Before the real estate bubble burst, you would have had a chance with a no documentation loan. These were setup for people who earned fluctuating incomes, mostly due to being commissioned based. They were easily abused, and lenders have gotten away from them becasue they were burned too often.

Just like building your credit rating over time, and your down payment over time, you might have to wait to build a work history.


I think you are running into multiple problems here:

  • Condo financing generally seems to be the last one to become available again after a property slump, so getting it at the moment can be hard
  • As everybody else pointed out, you are currently a "temp" worker and the promise that your current client/employer will hire you full time might well not be worth the paper it wasn't printed on
  • Underwriting criteria are stricter than pre-slump, when anybody who had a pulse in the past six months could get some kind of mortgage.

All these together look like a high risk to a bank, especially right now with companies being reluctant to hire full-time employees. Looking at it from their perspective, the last thing they need right now is another potential foreclosure on their books.

BTW, if it is a consolation, I had to prove 2 years of continuous employment (used to be a freelancer) before the local credit union would consider giving me a mortgage. We missed out on a couple of good deals because of that, too.

  • +1 I did not think about the condo vs completely private property.
    – user4127
    Jul 20, 2012 at 13:37
  • 2 years is pretty common from my experience - doesn't have to be same company, but has to be consistent
    – warren
    Apr 29, 2013 at 22:16

Some options:

See if the seller will sell to you on Contract. With a significant down payment the seller may be willing to sell you the condo on contract. This fill in the year or so you will probably need to go from contractor to full time employee with enough time on the job to get a mortgage.

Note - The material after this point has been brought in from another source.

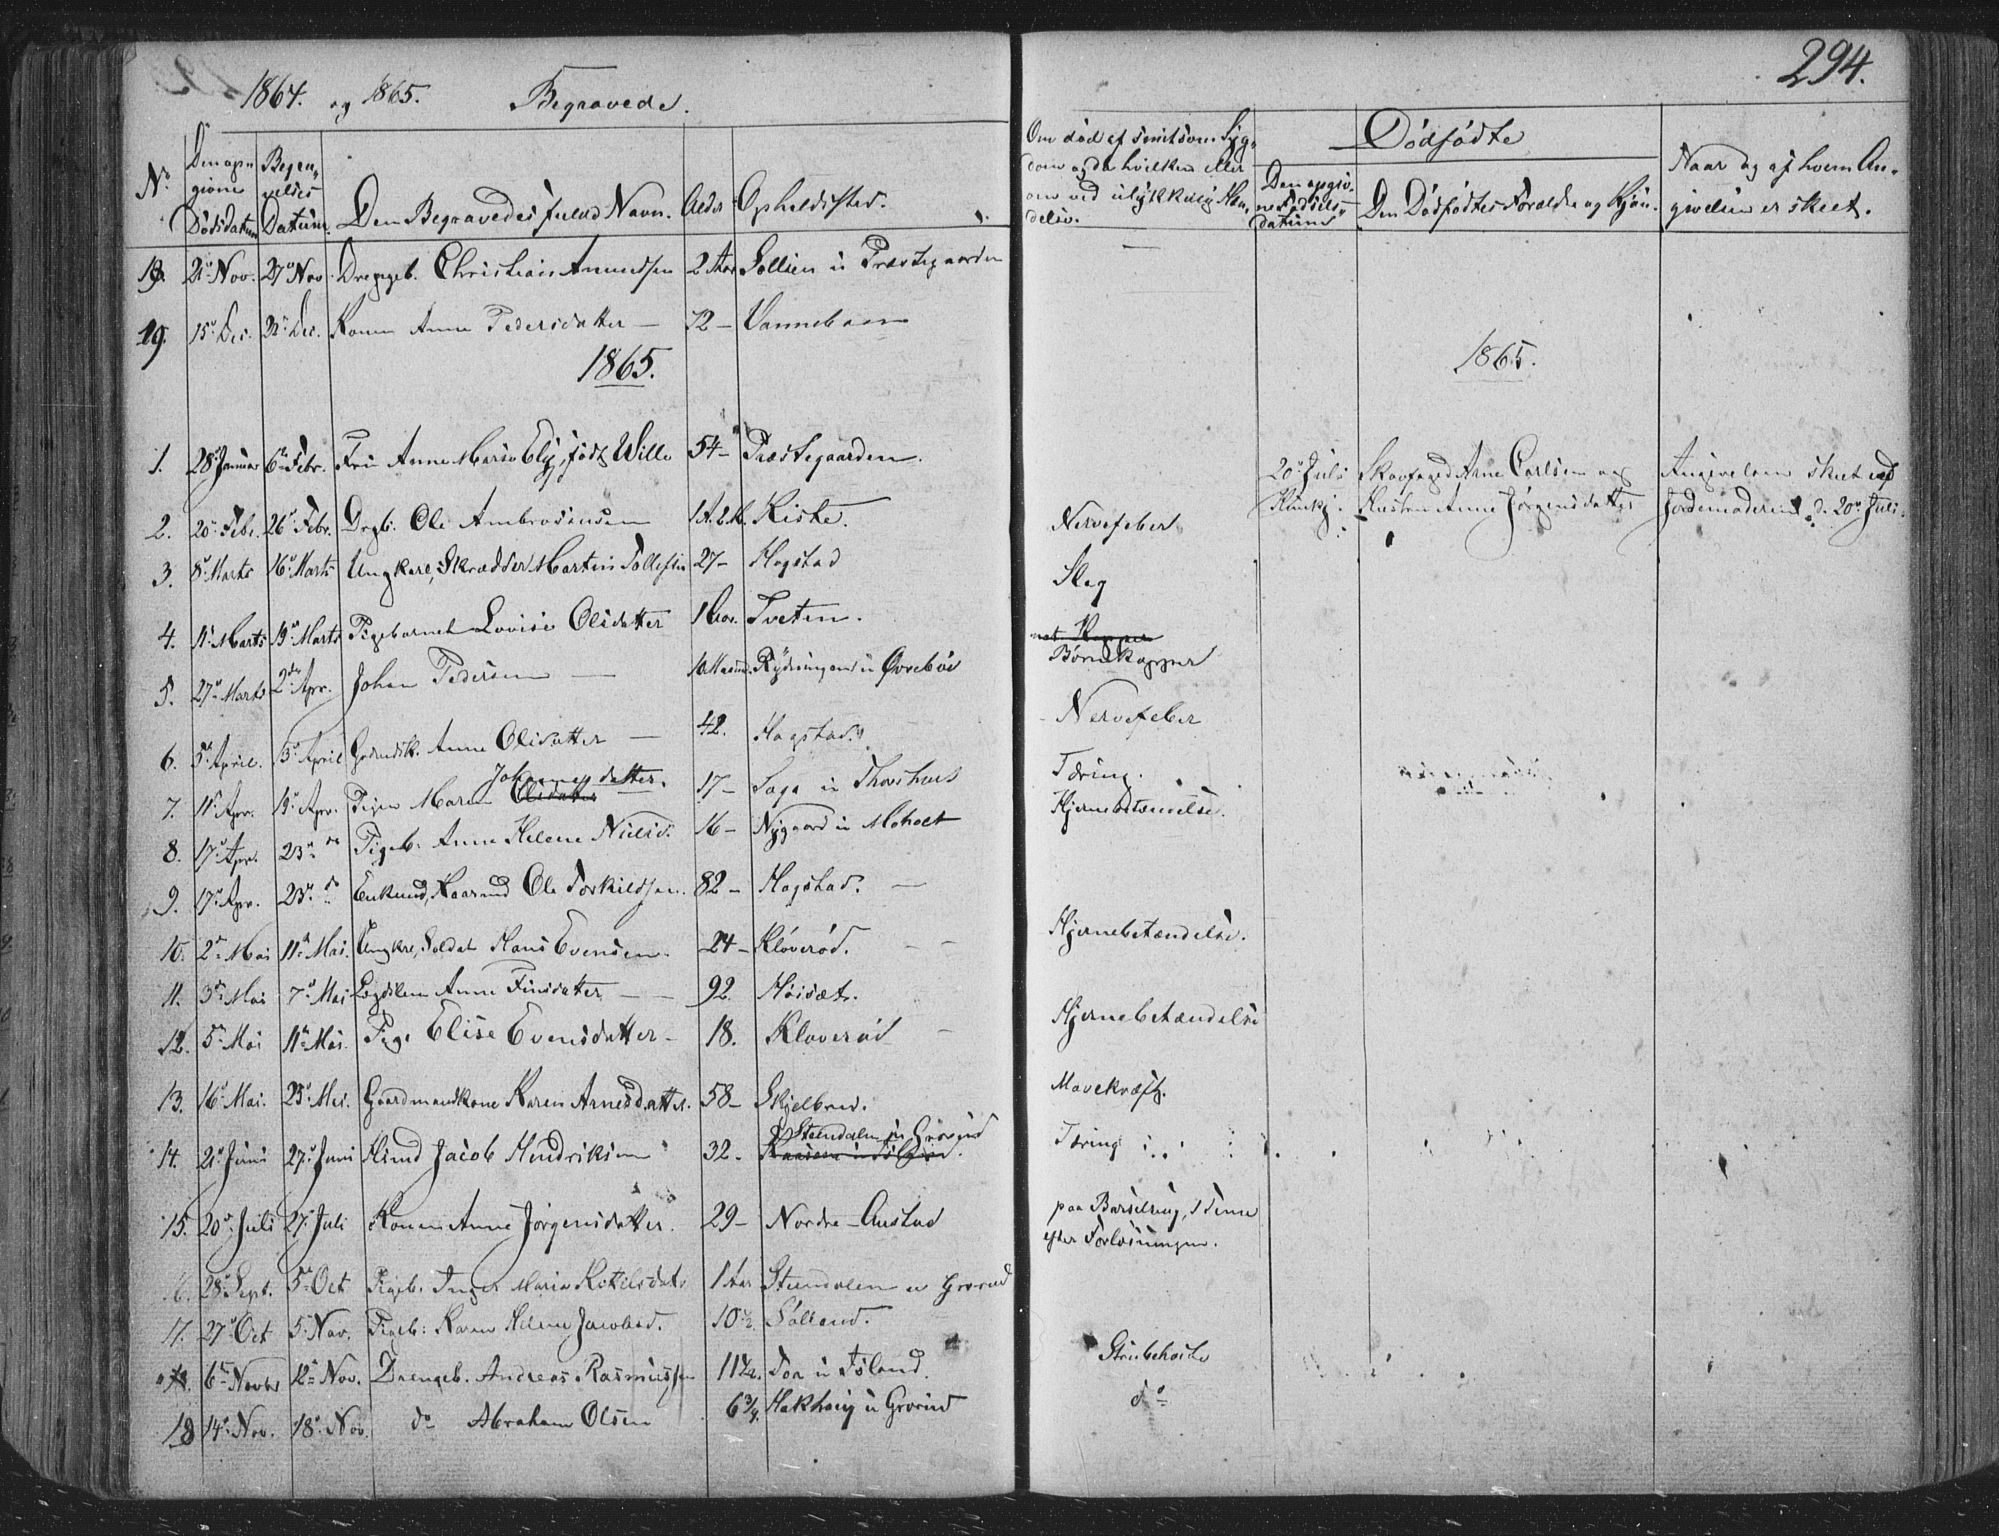 SAKO, Siljan kirkebøker, F/Fa/L0001: Parish register (official) no. 1, 1831-1870, p. 294

Keep Shopping. Be up front with the lenders with the problems you are running into and see if any of them can find you a solution. You may need to take a higher rate in the short term but hopefully you can refinance in a few years to a more reasonable rate.

Check with a local bank or credit union. Many times local banks or CU's will finance high demand properties that may be out of favor with the super banks that have no ties to your community. These banks sometimes realize that just because the standard spreadsheet says this is a bad risk the reality is the specific property you are interested in is not the risk that it appears on paper. You will have to find a bank that actually retains its mortgages as many local banks have become agents that just sell mortgages to the mortgage market.

Talk to a Realtor. If you are not using one now it may be time to engage one. They can help you navigate these bumps and steer you towards lenders that are more amenable to the loan you need.